Agent sandbox 要防的对象不是传统意义上的“用户上传恶意二进制”一种情况,而是几类叠加风险。

第一类是提示注入后的越权执行。模型可能被仓库里的文档、网页、日志或测试输出诱导,去读取敏感文件、改写代码、提交密钥、安装恶意依赖或访问内网地址。第二类是工具链供应链风险。npm installpip install、测试脚本、构建脚本和 Git hooks 都可能执行任意代码,Agent 一旦自动运行它们,就等于把本地权限交给了项目依赖。第三类是资源耗尽。死循环、fork bomb、海量日志、无限写盘、GPU 占满和长时间网络下载都会拖垮宿主环境。第四类是数据外泄。只限制文件写入没有意义,如果 Agent 能读到密钥并联网,数据仍然可以被发走。

因此 sandbox 的目标要拆成四个问题:它能读哪些路径,能写哪些路径,能连接哪些网络,能消耗多少资源。审批系统再回答第五个问题:什么时候必须停下来等人确认。

本机 Agent 的边界模型

本机 Coding Agent 最常见的边界是“工作区可写、工作区外只读或不可见、网络默认关闭、越界动作需要审批”。这个模型的价值是低摩擦:Agent 可以跑测试、改文件、读代码、生成补丁,但不会默认访问浏览器 cookie、SSH key、云凭据和用户主目录里的其他项目。

一个合理的本机执行链路可以这样设计:

LLM planner
  -> permission policy: classify read / write / network / destructive action
  -> command broker: create sandboxed process
  -> OS sandbox: filesystem, process, syscall and network limits
  -> proxy / credential broker: domain allowlist and short-lived tokens
  -> audit log: prompt, command, cwd, policy version, exit code, diff

这里最容易被忽略的是 command broker。Agent 不应该直接把模型生成的 shell 字符串交给宿主 shell,而是由 broker 统一设置工作目录、环境变量、超时、输出上限、进程组、sandbox profile 和审计字段。所有子进程必须继承同一套限制,否则测试脚本、包管理器或构建工具会成为逃逸路径。

Linux 原语:namespace、cgroup、seccomp 与 LSM

Linux 上的轻量 sandbox 通常由四类内核能力组合而成。

典型技术作用Agent 里的用法
命名空间user、mount、pid、network、ipc、uts namespace隔离用户、文件系统视图、进程树和网络栈让沙箱内看见独立根目录、独立进程树和受控网络
资源控制cgroups v2、rlimit限制 CPU、内存、进程数、I/O 和运行时间防止测试、构建、恶意脚本耗尽宿主资源
系统调用过滤seccomp-BPF缩小能调用的内核接口集合禁止高风险 syscall,降低内核攻击面
强制访问控制Landlock、AppArmor、SELinux以策略限制文件、网络、能力和对象访问给进程再加一层路径和权限规则

seccomp 需要特别谨慎理解。Linux 官方文档明确指出,系统调用过滤本身不是完整 sandbox;它只是减少暴露给进程的内核面。原因很简单:被允许的 syscall 仍然可能触发漏洞,文件和网络的信息流也不是 seccomp 单独能表达清楚的。所以生产级 Agent 不能只说“我用了 seccomp”,还要说明 namespace、cgroup、capability、LSM 和网络策略如何组合。

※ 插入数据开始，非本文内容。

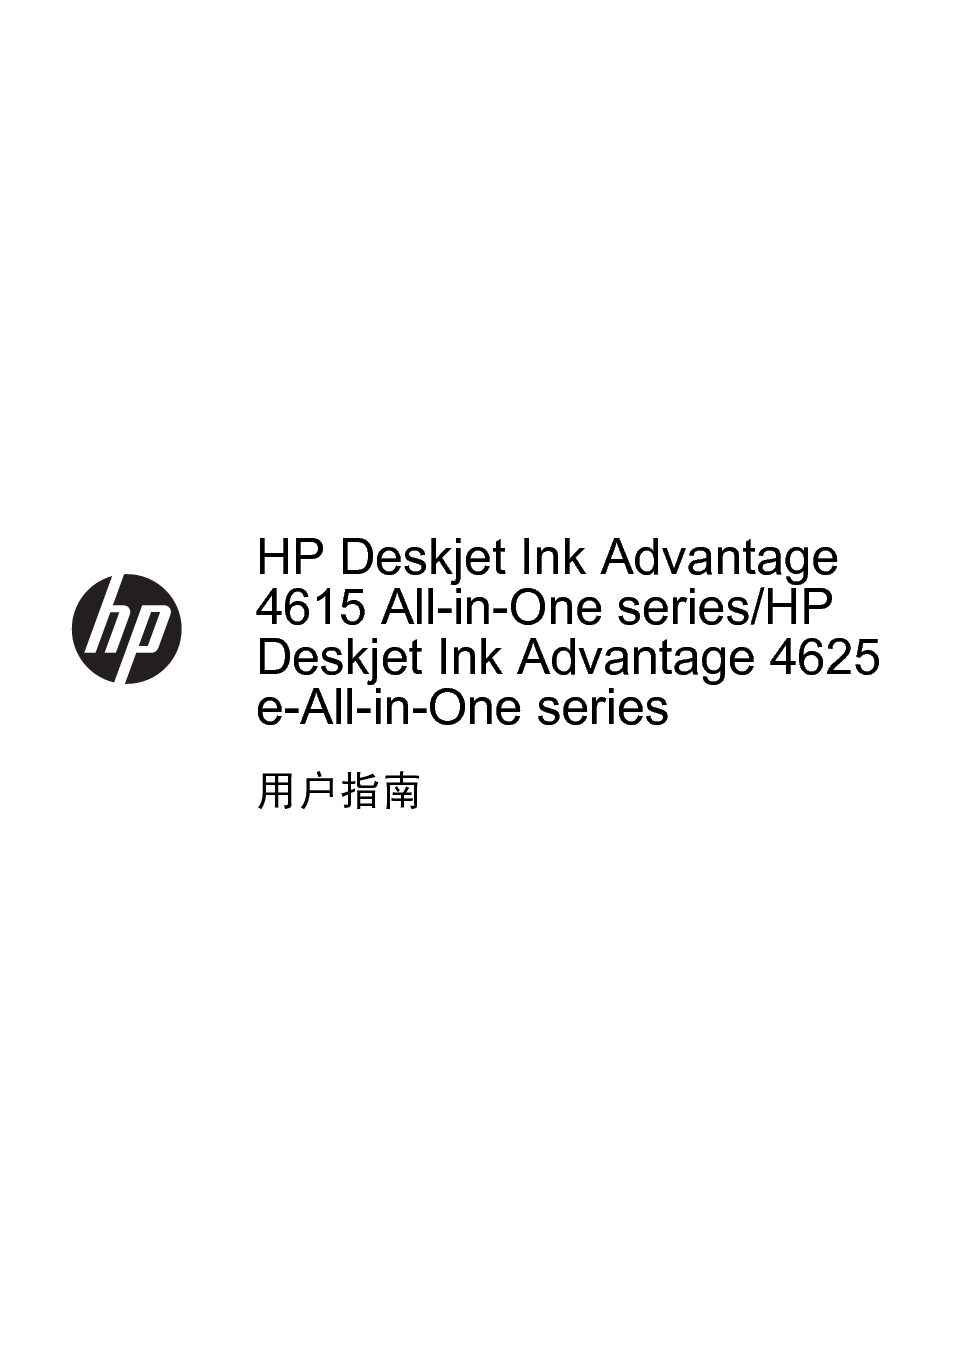 惠普 HP DeskJet Ink Advantage 4615 用户指南 第2页
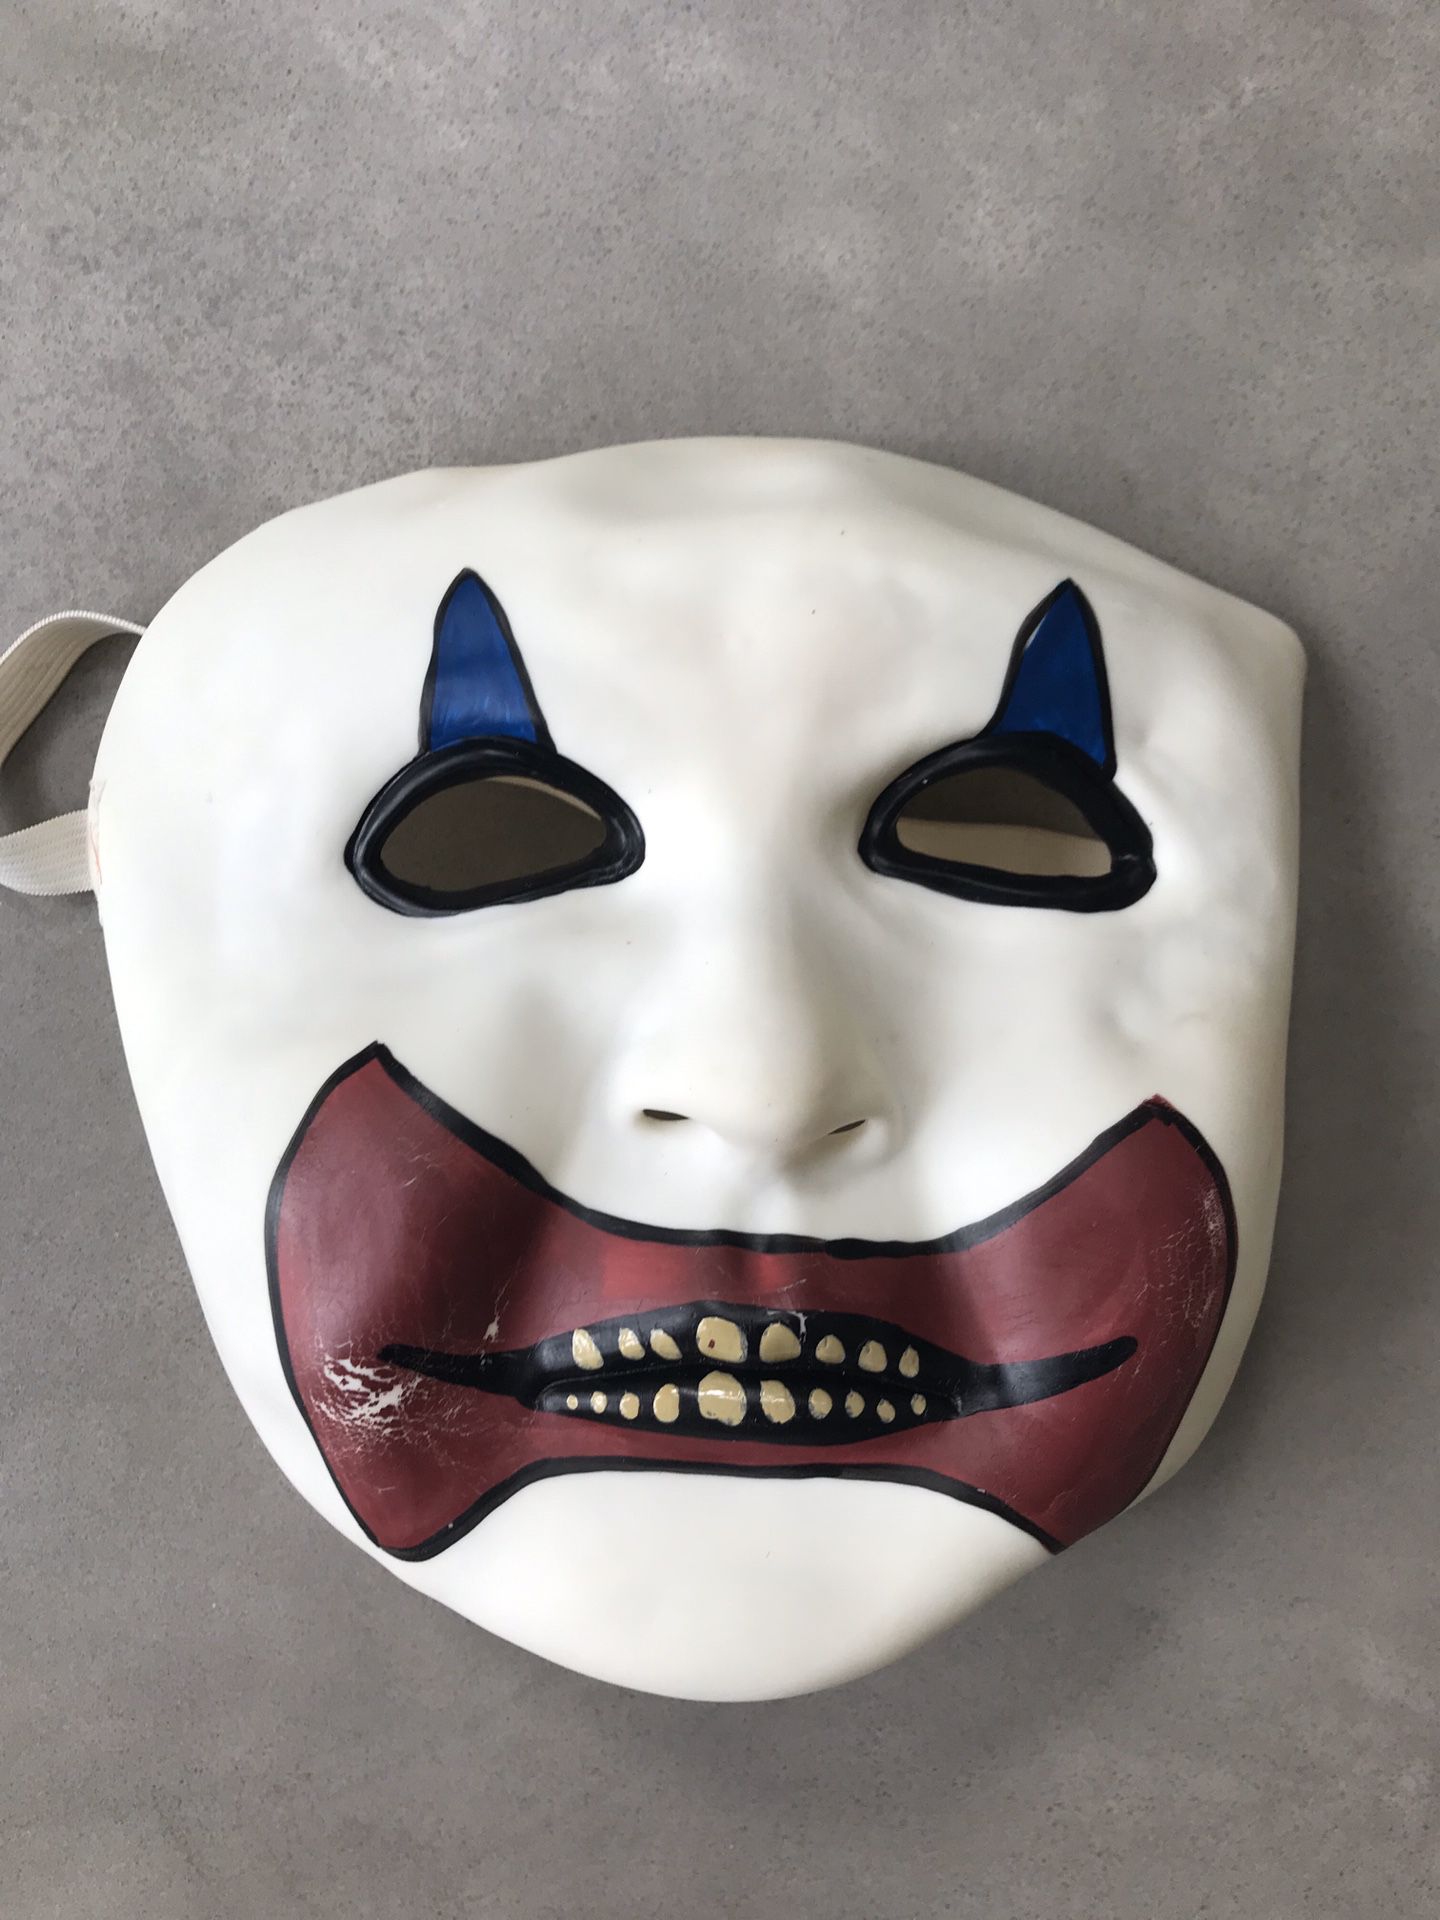 Joker Clown face mask - Halloween

no_new_privs 也是关键开关。它可以让进程在 execve 后不能通过 setuid、setgid 或文件 capability 获得额外权限,并且常用于让非特权进程安全安装 seccomp filter。对 Agent 来说,任何会执行仓库脚本的沙箱都应默认关闭权限提升路径。

macOS 与 Windows 的本机实现

macOS 通常依赖 Seatbelt/App Sandbox 思路:用系统级 sandbox profile 限制文件、网络和系统服务访问。Codex 文档说明 macOS 本地沙箱使用内置 Seatbelt 框架;Claude Code 文档也说明 macOS 无需额外安装即可使用内置 sandbox。工程上要注意,Seatbelt 对部分 CLI、证书链、网络代理和文件访问语义会有兼容问题,所以需要有明确的 excluded command 策略,但这个例外列表必须很窄。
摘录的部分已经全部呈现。